▸ Collected material:
((
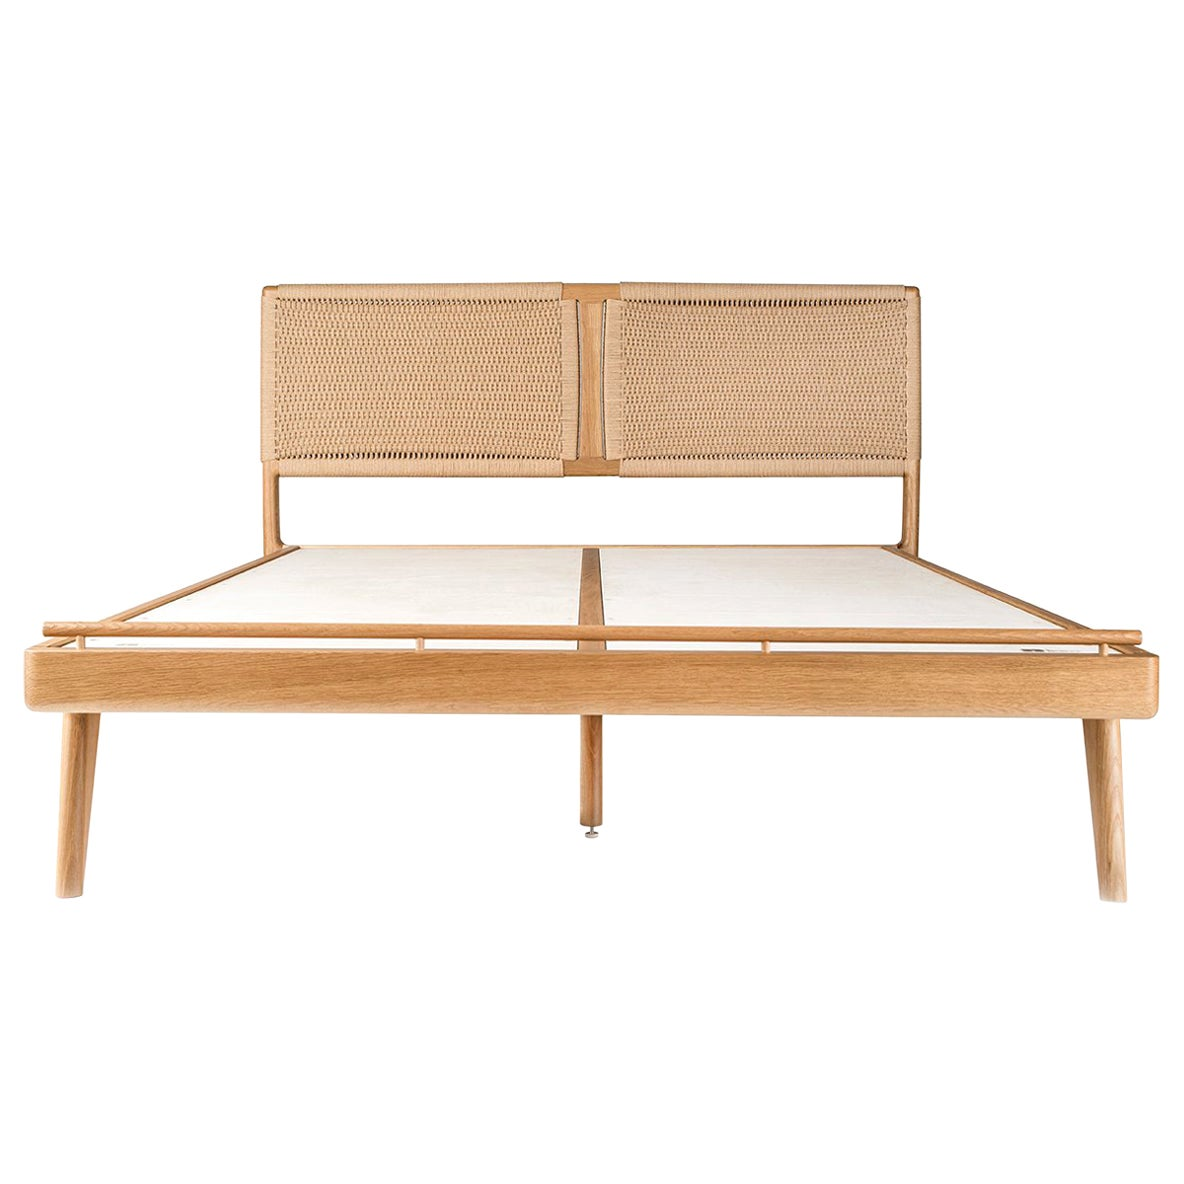 Bed, Cali King, Danish Cord, Woven Headboard, Mid-Century Modern-Style, Hardwood
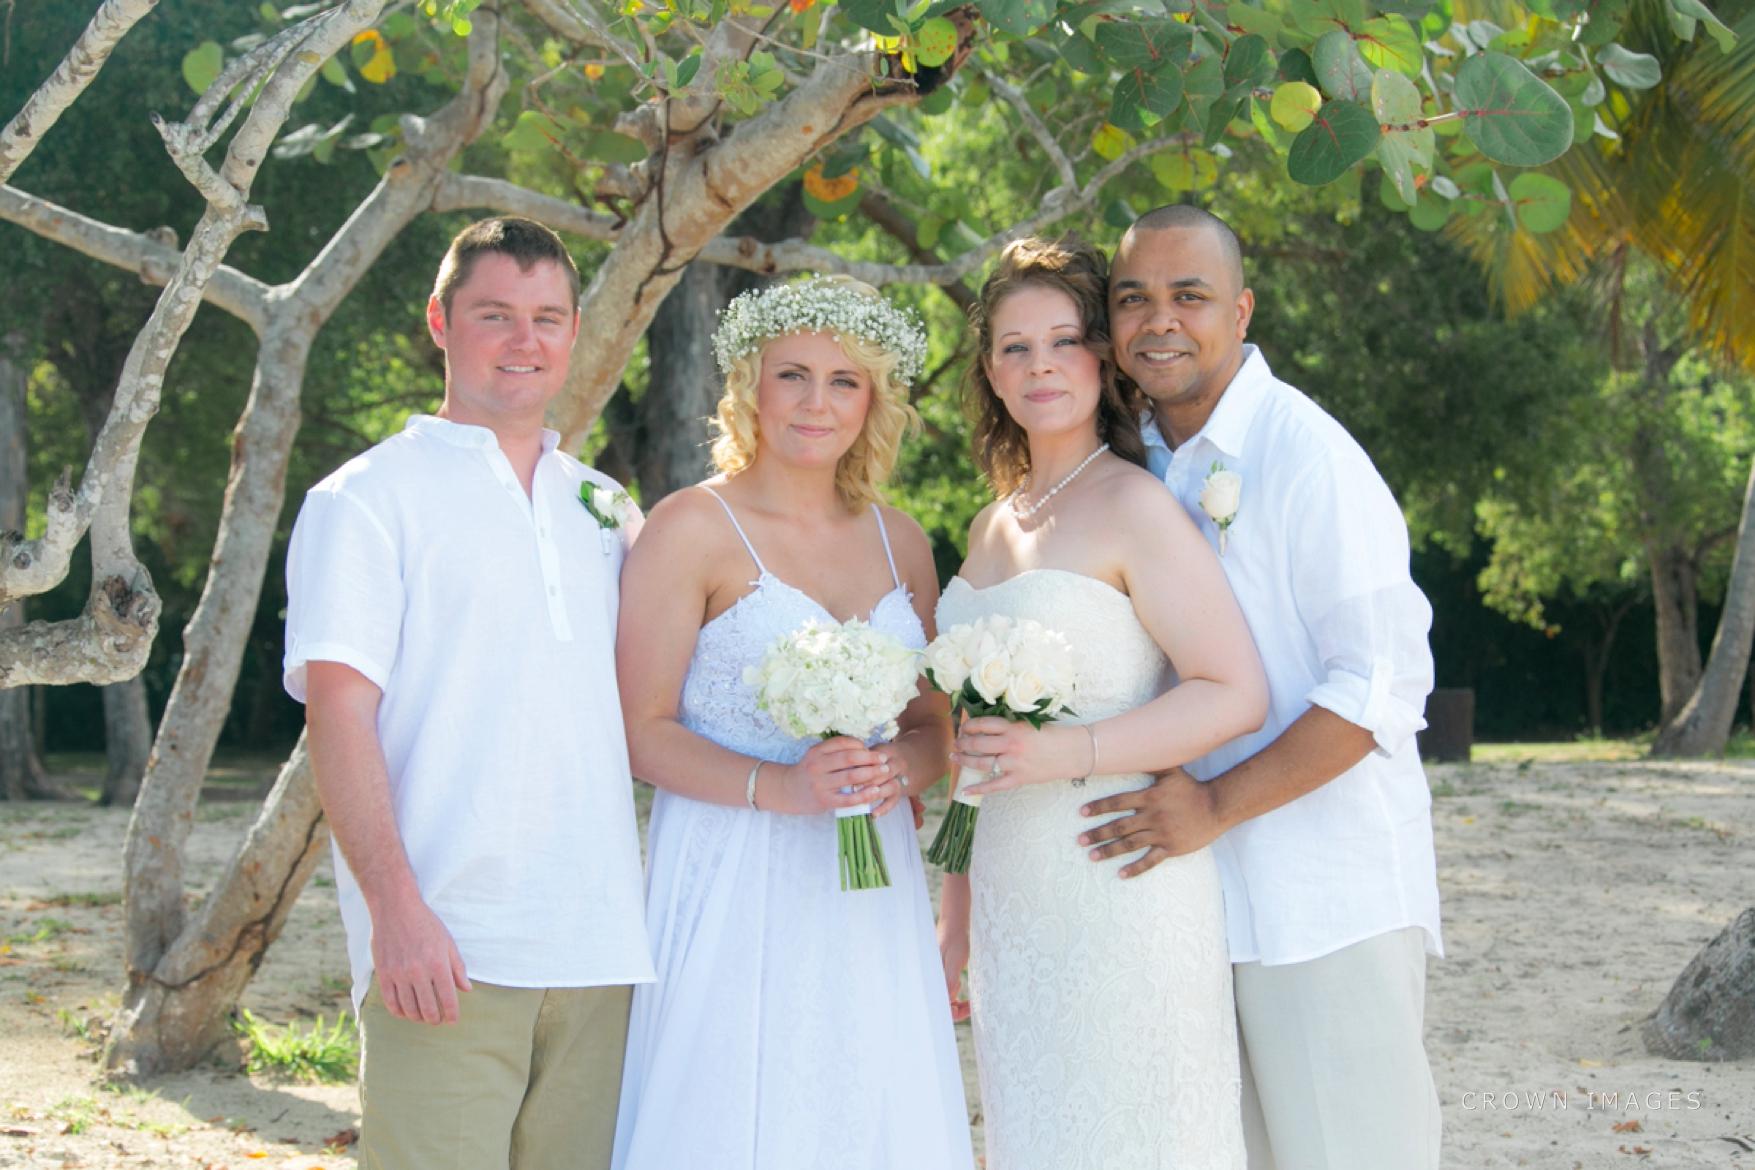 wedding_photos_saint_thomas_crown_images_0575.jpg
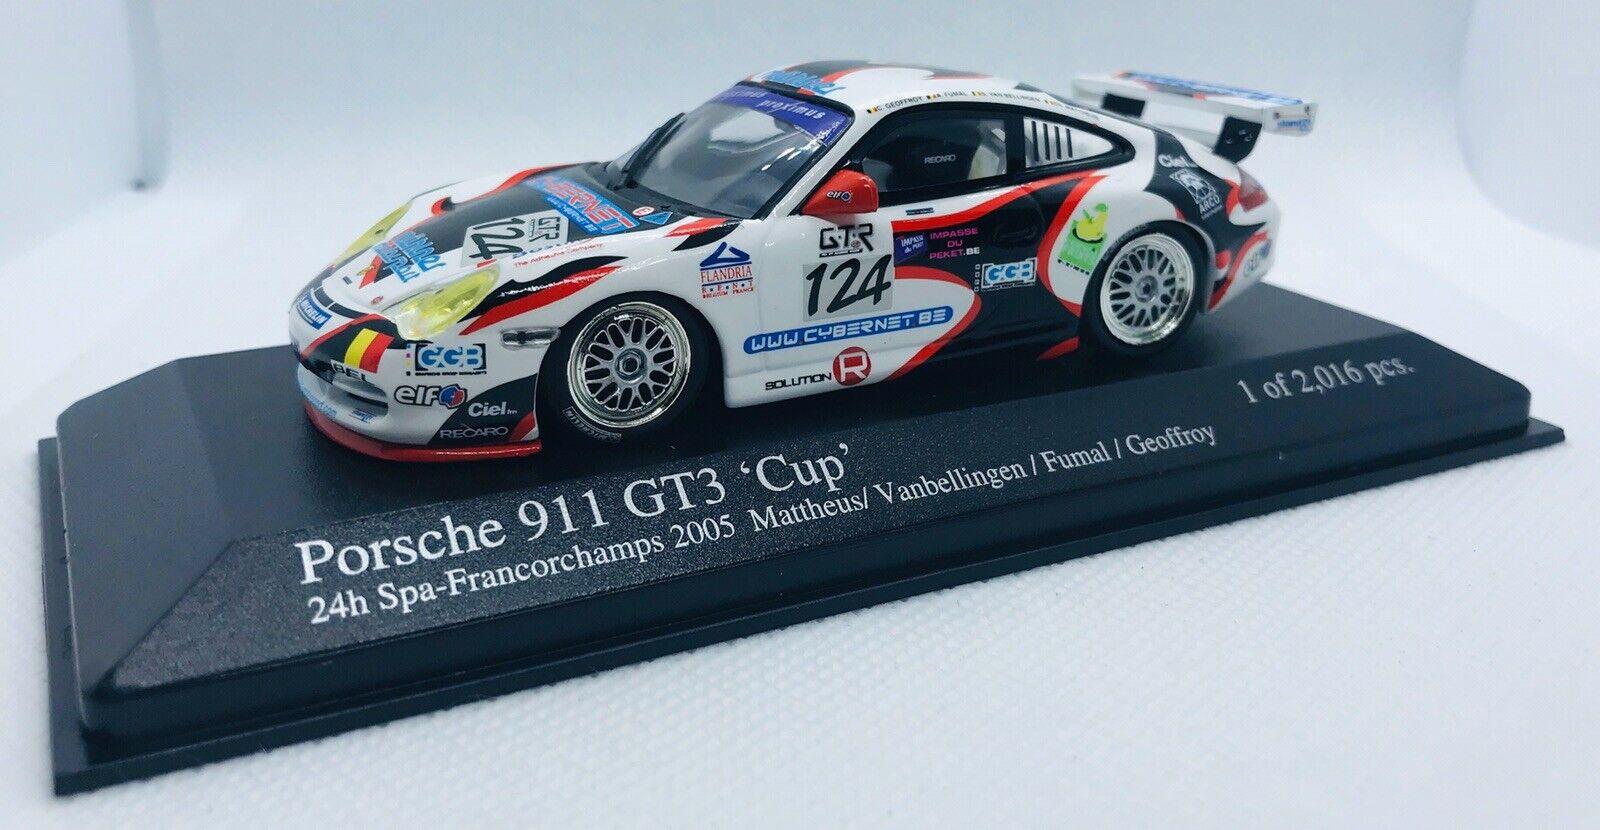 1 43 Porsche 911 Gt3 Rsr 2005 Spa 24hr 66 Minichamps 2112 Ltd Ed For Sale Online Ebay
))
▸ Task goal: Without including any picture, output all the material exactly as it appears.

▸ Answer:
 Bed, Cali King, Danish Cord, Woven Headboard, Mid-Century Modern-Style, Hardwood
 wedding_photos_saint_thomas_crown_images_0575.jpg
 1 43 Porsche 911 Gt3 Rsr 2005 Spa 24hr 66 Minichamps 2112 Ltd Ed For Sale Online Ebay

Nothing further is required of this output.